Leave the pictures out and write out the rest of the listing word for word.
DATA EXTRACT: Begin
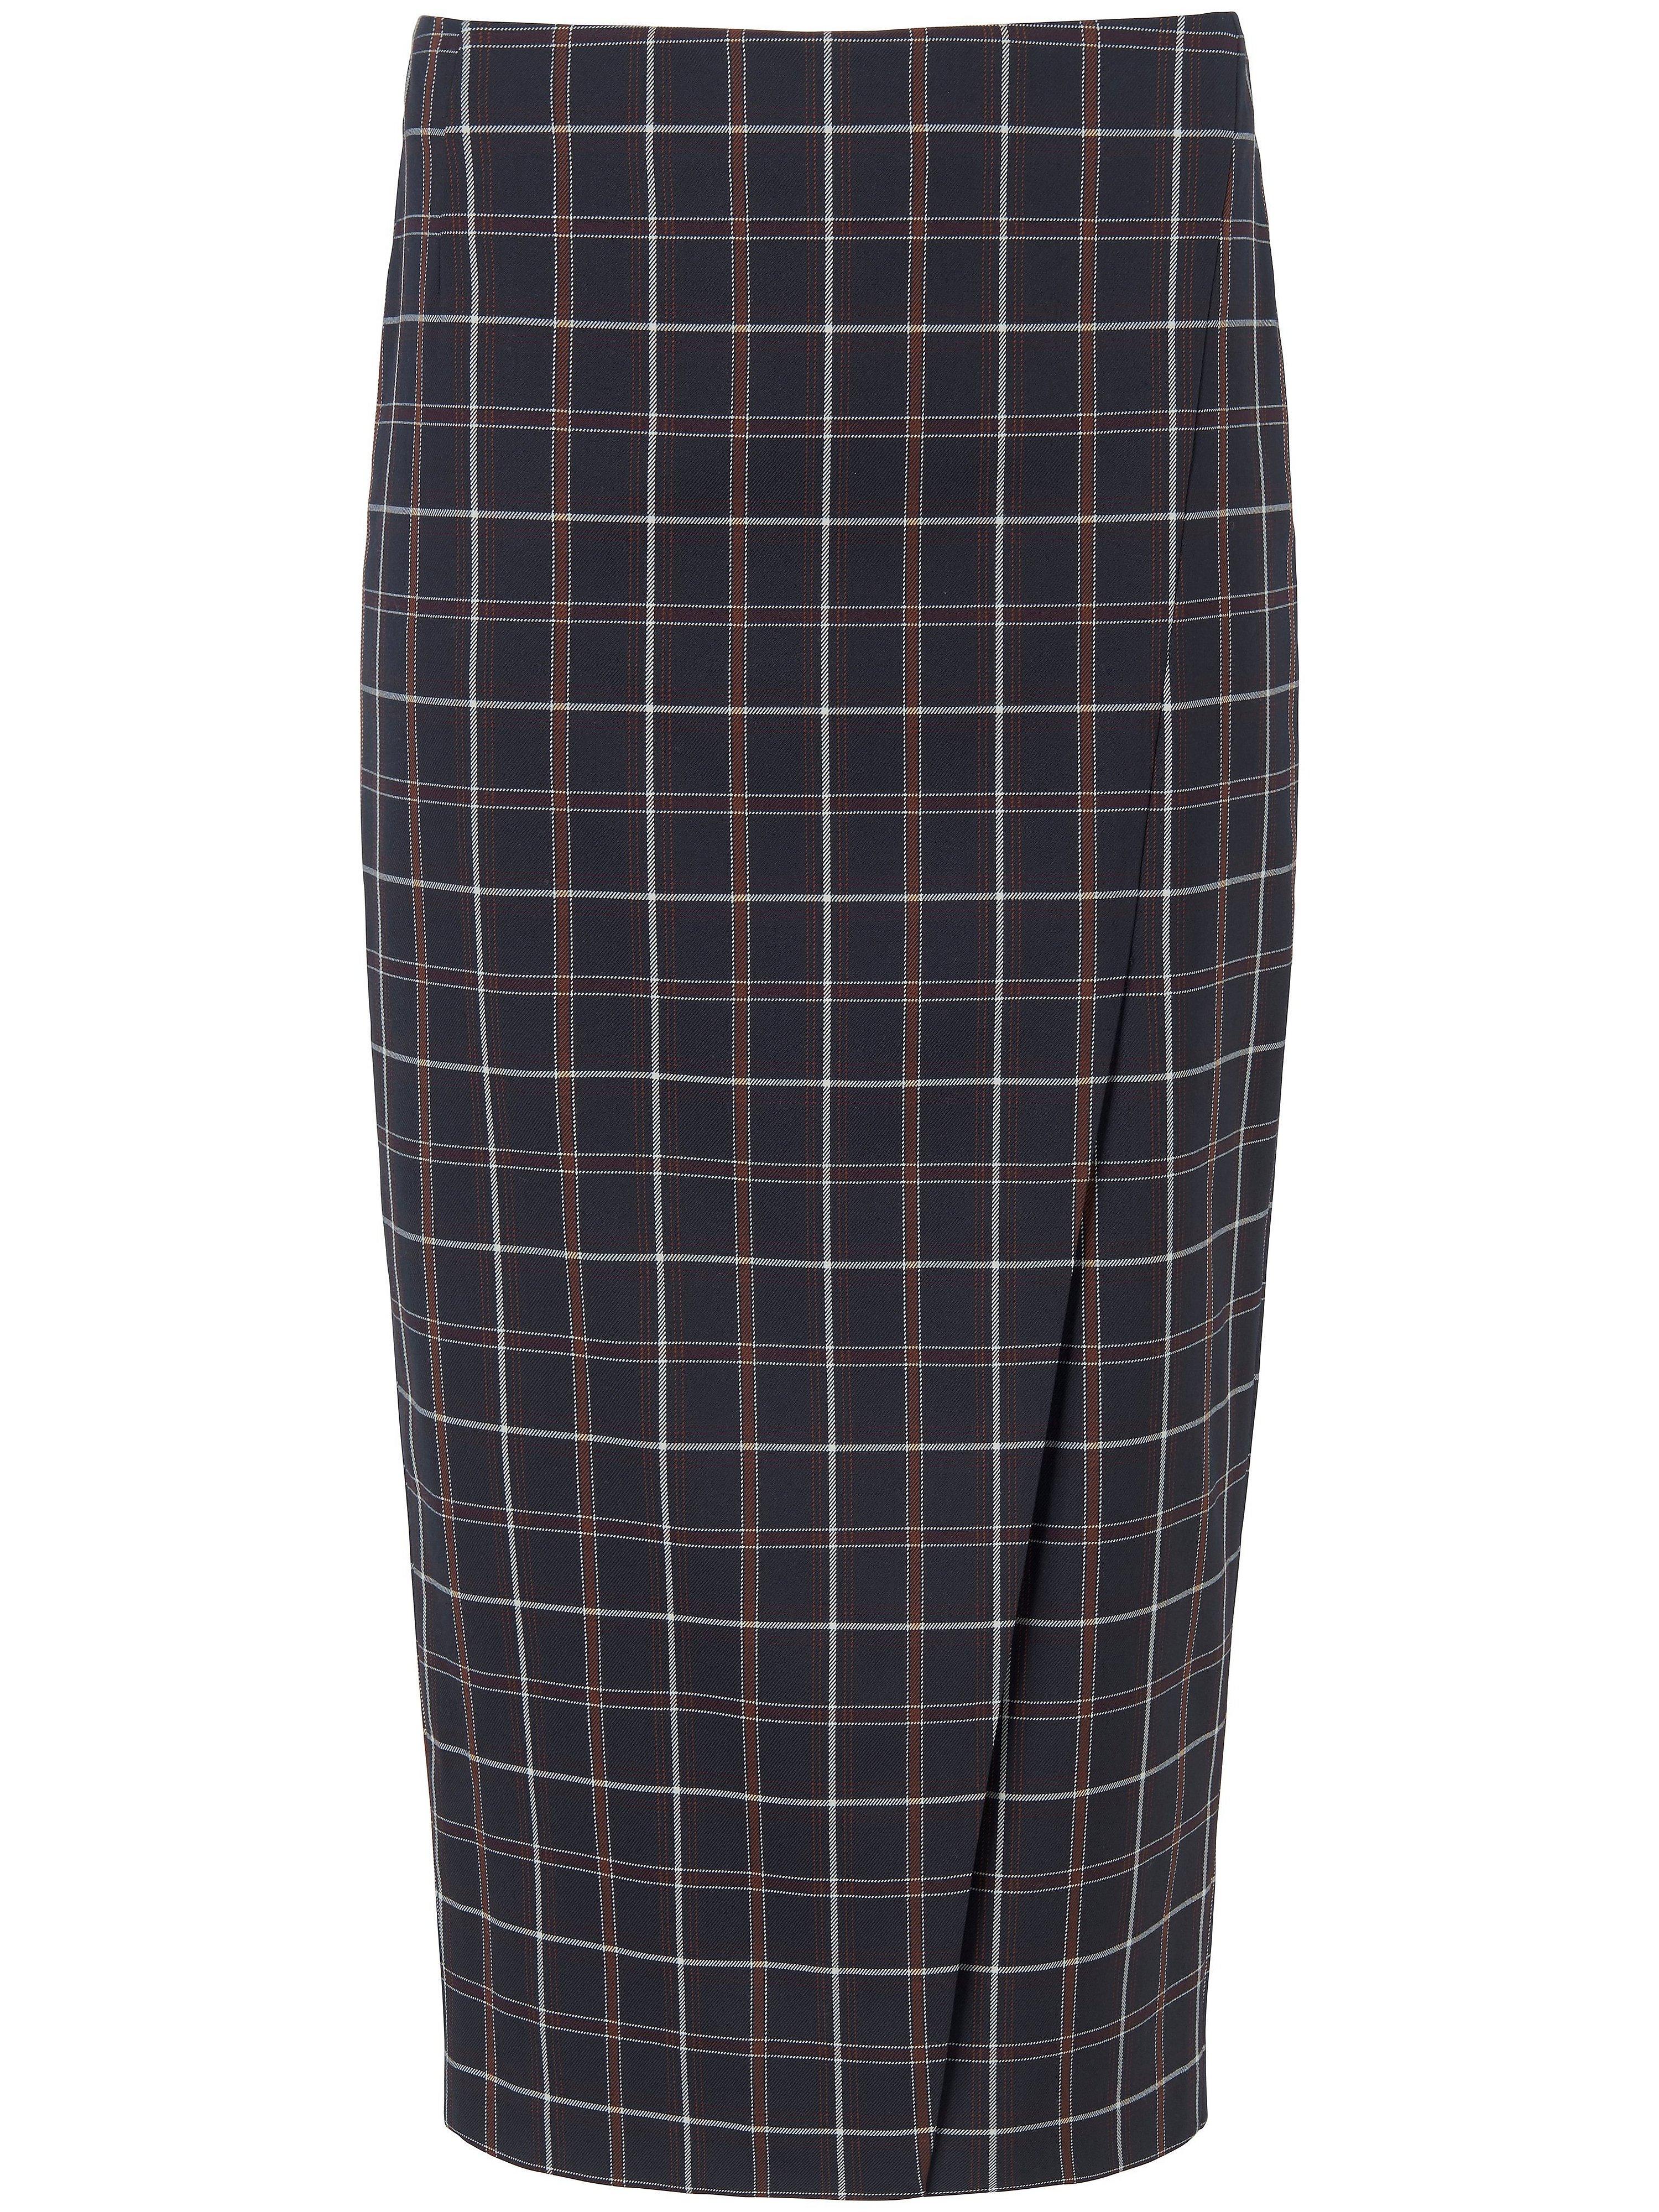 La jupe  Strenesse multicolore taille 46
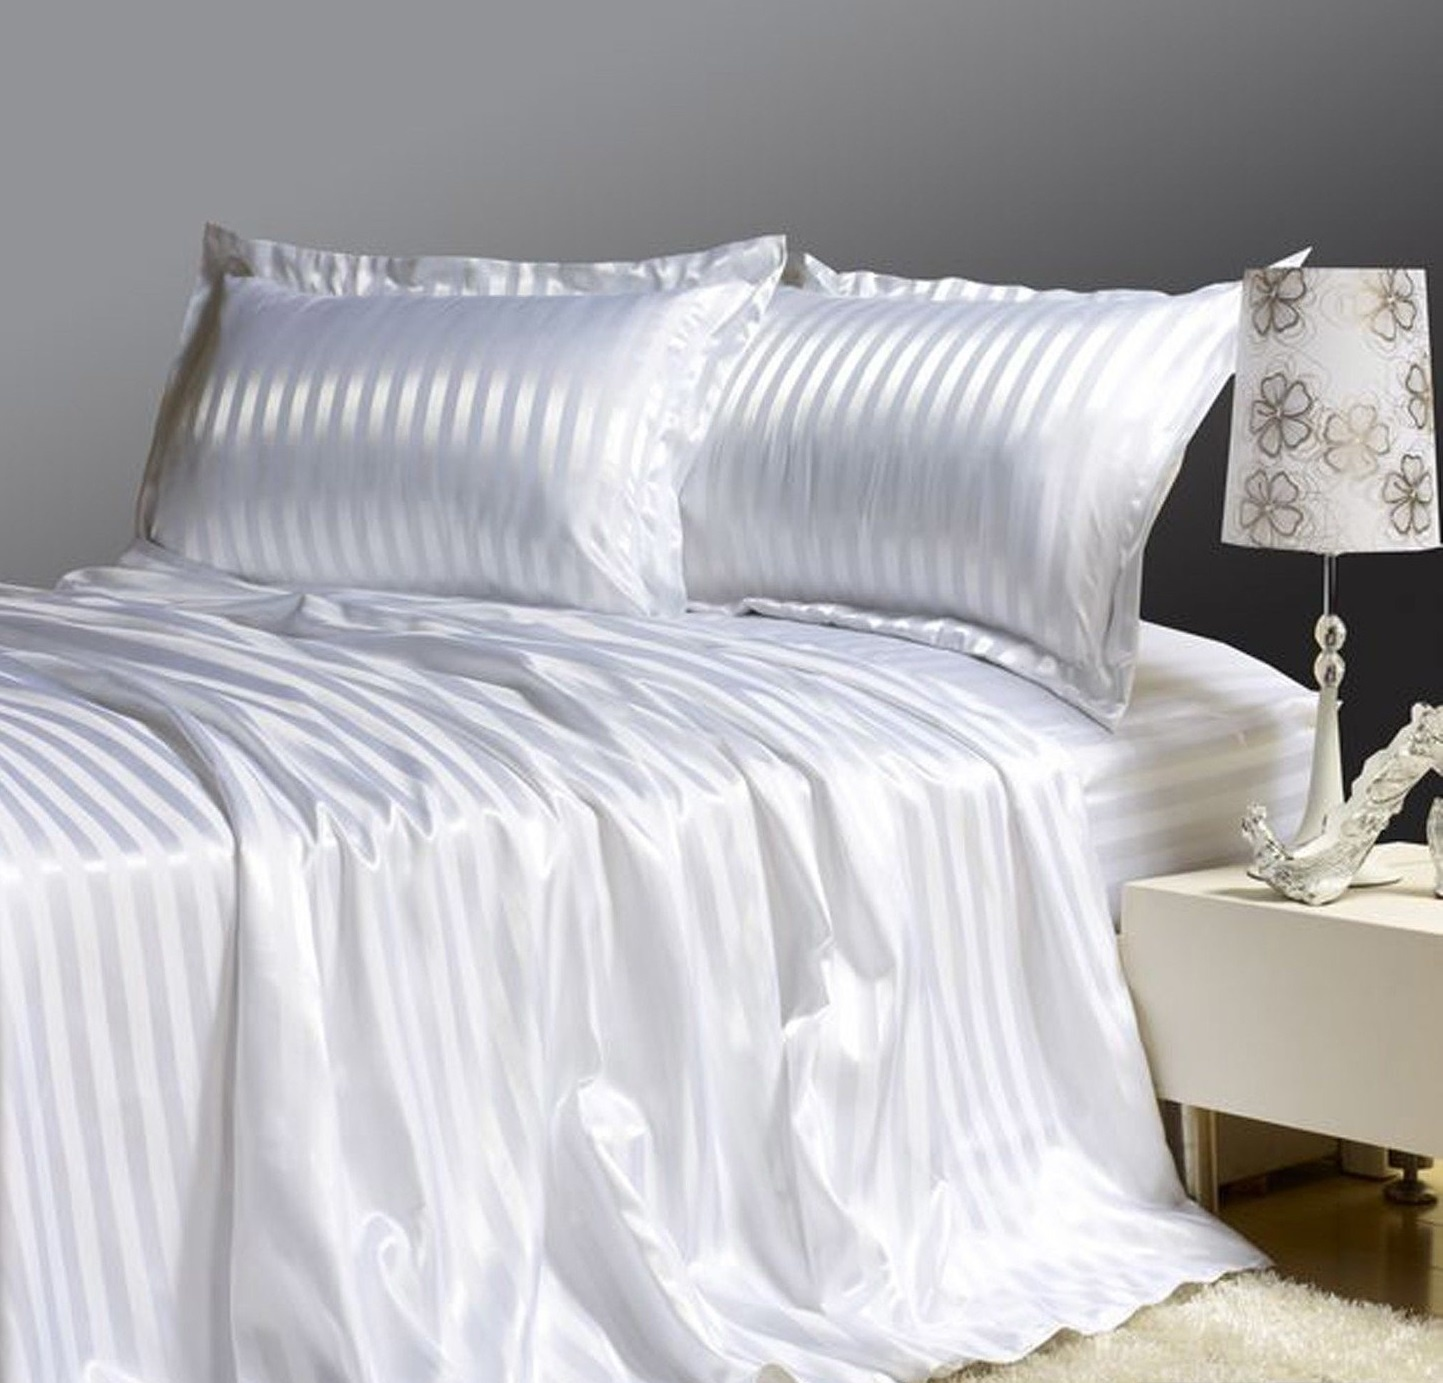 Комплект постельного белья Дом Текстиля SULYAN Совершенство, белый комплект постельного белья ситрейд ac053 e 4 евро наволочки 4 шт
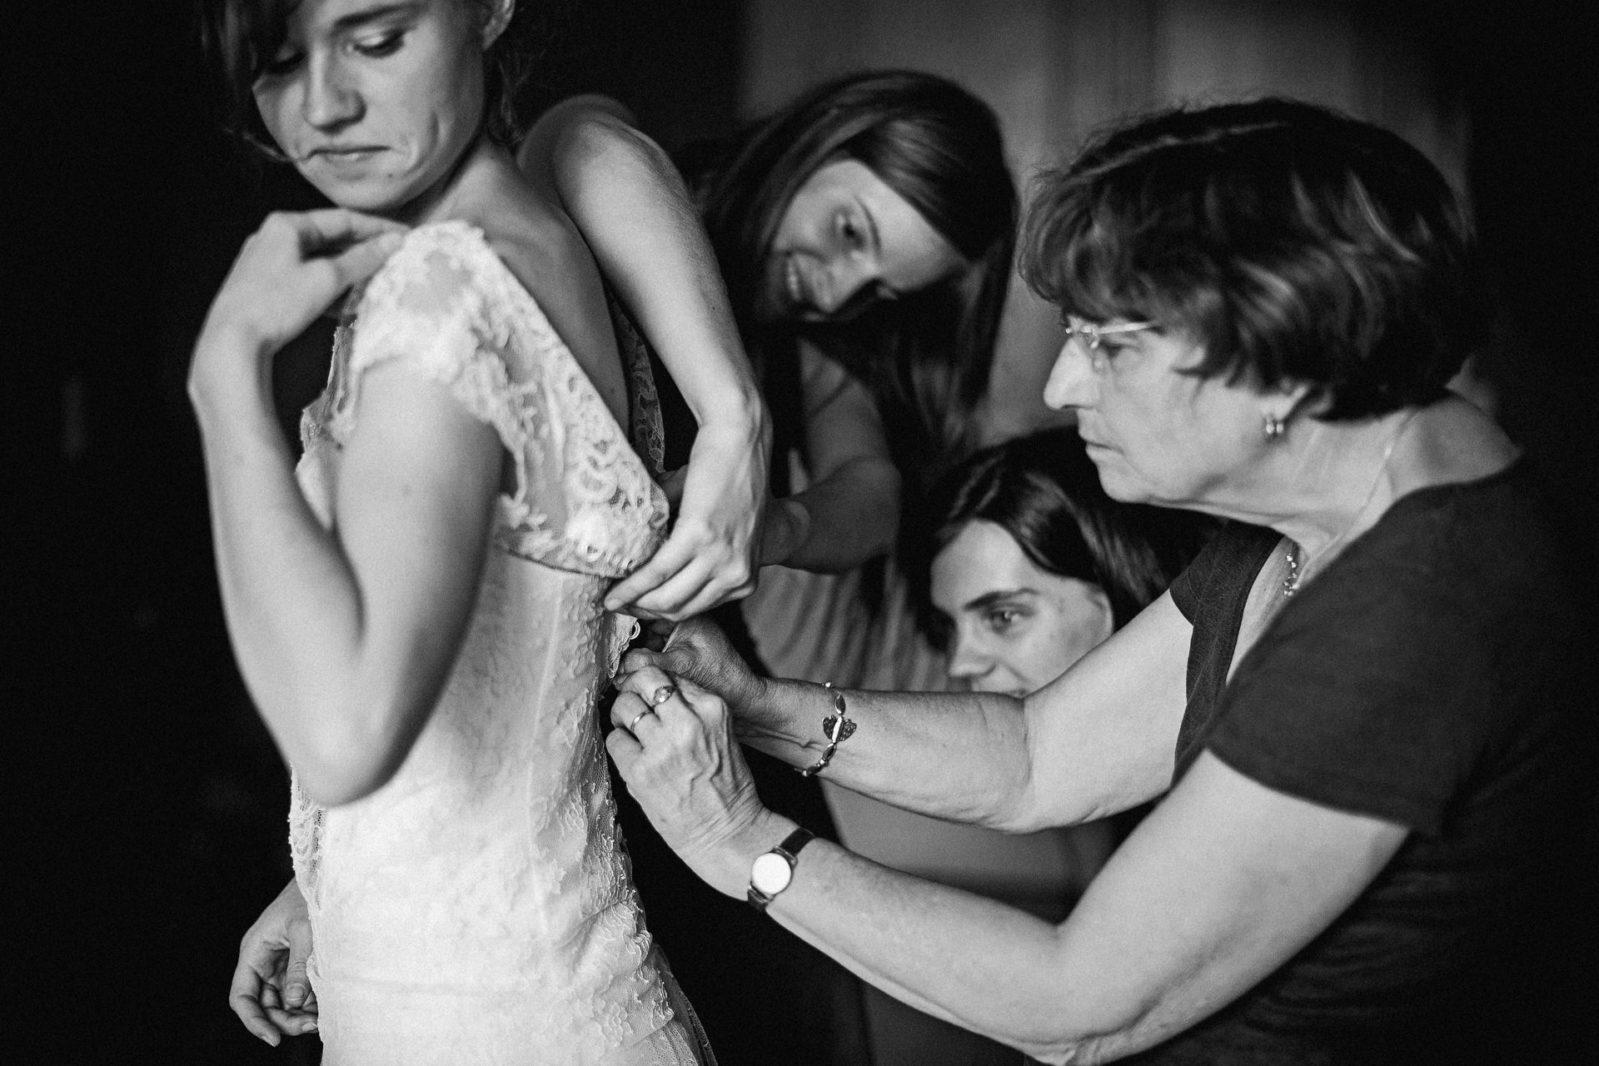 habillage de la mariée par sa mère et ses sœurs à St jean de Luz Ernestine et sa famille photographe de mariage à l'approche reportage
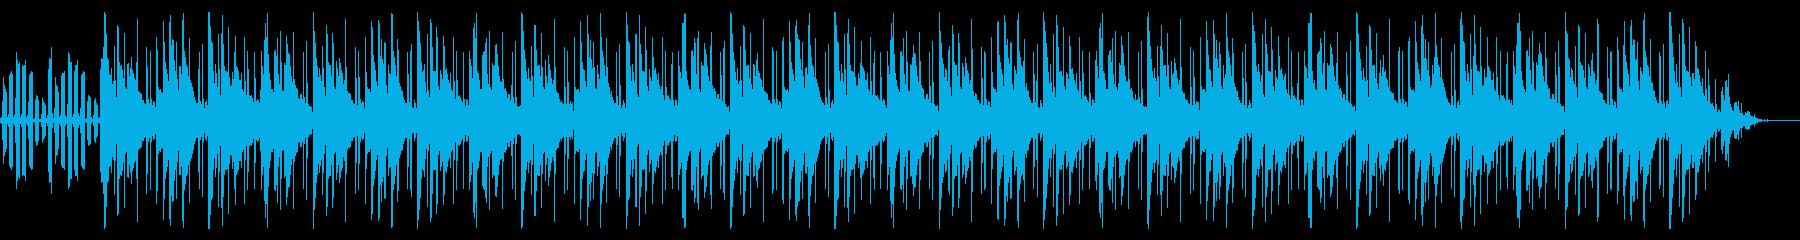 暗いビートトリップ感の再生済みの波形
DATA EXTRACT: End
■ **RESULT FOR THIS EXERCISE**:
 La jupe  Strenesse multicolore taille 46
 Комплект постельного белья Дом Текстиля SULYAN Совершенство, белый комплект постельного белья ситрейд ac053 e 4 евро наволочки 4 шт
 habillage de la mariée par sa mère et ses sœurs à St jean de Luz Ernestine et sa famille photographe de mariage à l'approche reportage
 暗いビートトリップ感の再生済みの波形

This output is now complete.